This World Really Is Our Home
We're not just passing through, says theologian Michael Wittmer, author of Heaven Is a Place on Earth.
By Ann Byle | posted 8/01/2004 12:00AM
"Many Christians think that this world is not their home, this life is not what really matters, and only spiritual things last forever," Michael Wittmer says. And those Christians are what believers in past generations would call heretics.
Wittmer, associate professor of systematic theology at Grand Rapids Theological Seminary in Grand Rapids, Michigan, has just published his first book, Heaven Is a Place on Earth (Zondervan, $16.99). In it, he's challenging many evangelicals' attitudes toward life on earth, future in heaven, and how to live each day as a child of God.

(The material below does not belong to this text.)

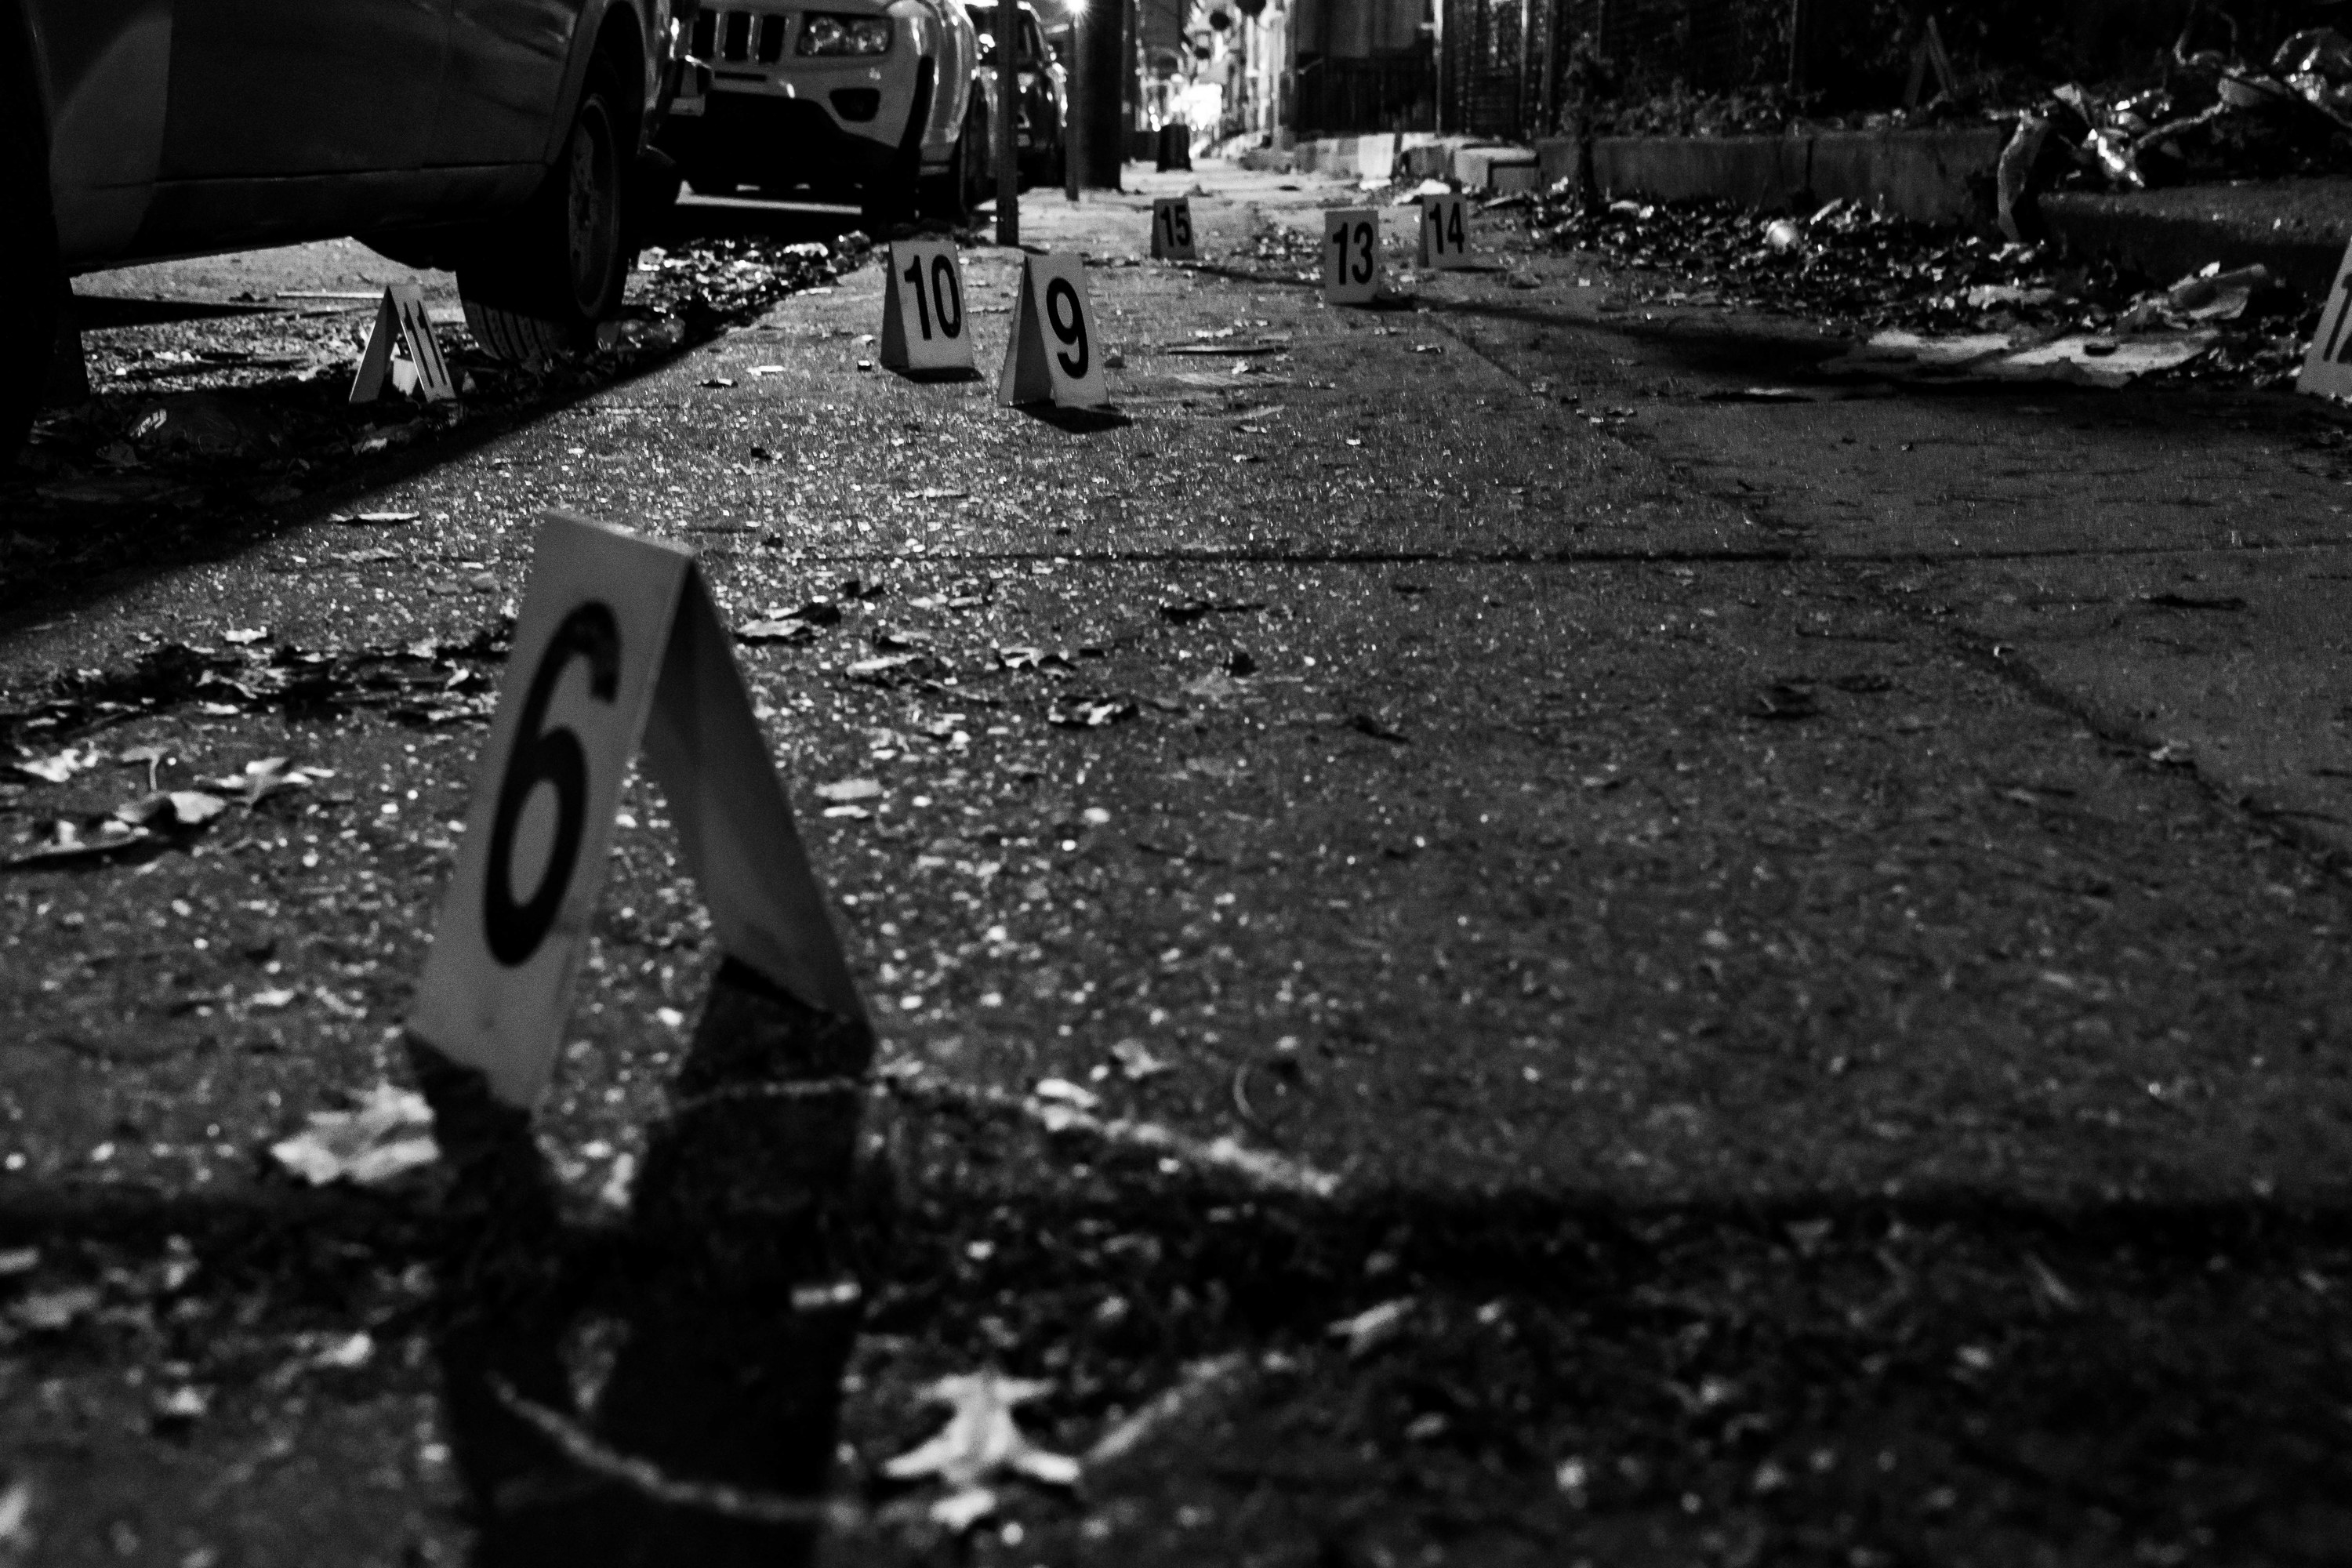 Police markers on the the ground

"Many Christians have unwittingly adopted a dualistic, Gnostic view of the world," Wittmer says,. "Consequently, Christians think they only please God when they are witnessing, reading the Bible, praying, or attending church."
According to Wittmer, this dualism between spirit and body, heaven and earth, has thoroughly permeated evangelicalism, as evidenced by statements in Rick Warren's wildly popular book, The Purpose Driven Life.
While appreciative of much of what he writes, Wittmer takes issue with Warren's view that: "Your earthly body is just a temporary residence for your spirit" (p. 37), "Life on earth is a temporary assignment" (p. 47), and those Christians who think earth is their home "have betrayed their King" (p. 49).
"Warren commits a common evangelical mistake when he interprets the term 'world' (1 John 2:15), 'aliens and strangers' (1 Pet. 2:11), and 'earthly things' (Col. 3:2) in an ontological (literal) rather than moral sense," Wittmer says. "So whereas Scripture warns us to flee from sin in the world, Warren concludes that we must also avoid feeling at home in the physical world. Such thinking does not arise from the Christian gospel, but from the Greek philosophy of Plato and Gnosticism."
Wittmer in Heaven Is a Place on Earth seeks to replace this overly spiritualized form of Christianity with a celebration of the Christian worldview, with a retelling of the Christian narrative of creation, fall, and redemption.
A deeply biblical book, Heaven shows how the story of Scripture answers the big questions of life: What is this place? Why are we here? What is wrong with me and my world? What is God's plan for this world? These questions form the structure of the book, and Wittmer responds to each with sound exegesis, clear writing, and good humor. His main goal is to encourage evangelicals to rethink traditional thought that has kept them from appreciating and really living in the world God made.
"We must begin with creation," Wittmer says, "and understand that creation is good and that planet Earth is where we're supposed to be. It's good to be human and it's good to be here. Jesus Christ — who is fully God and fully human — did not come to Earth to turn us into angels who would live forever in heaven; instead he calls us to thrive down here in our human lives. Sadly, in their well-intentioned pursuit of piety, many evangelicals have forgotten how to be human.
"Pious evangelicals will ask you how many souls you've lead to Christ, how much time have you spent in prayer today," he says. "We should ask how believers are living out their calling today."
That calling can be anything from being an electrician to a part-time secretary, from being a father to a homeowner. It's all part of who God calls us to be, and each of those callings is part of our witness for Christ. The callings of missionaries and pastors are no more spiritual than those of teachers or waitresses or filing clerks.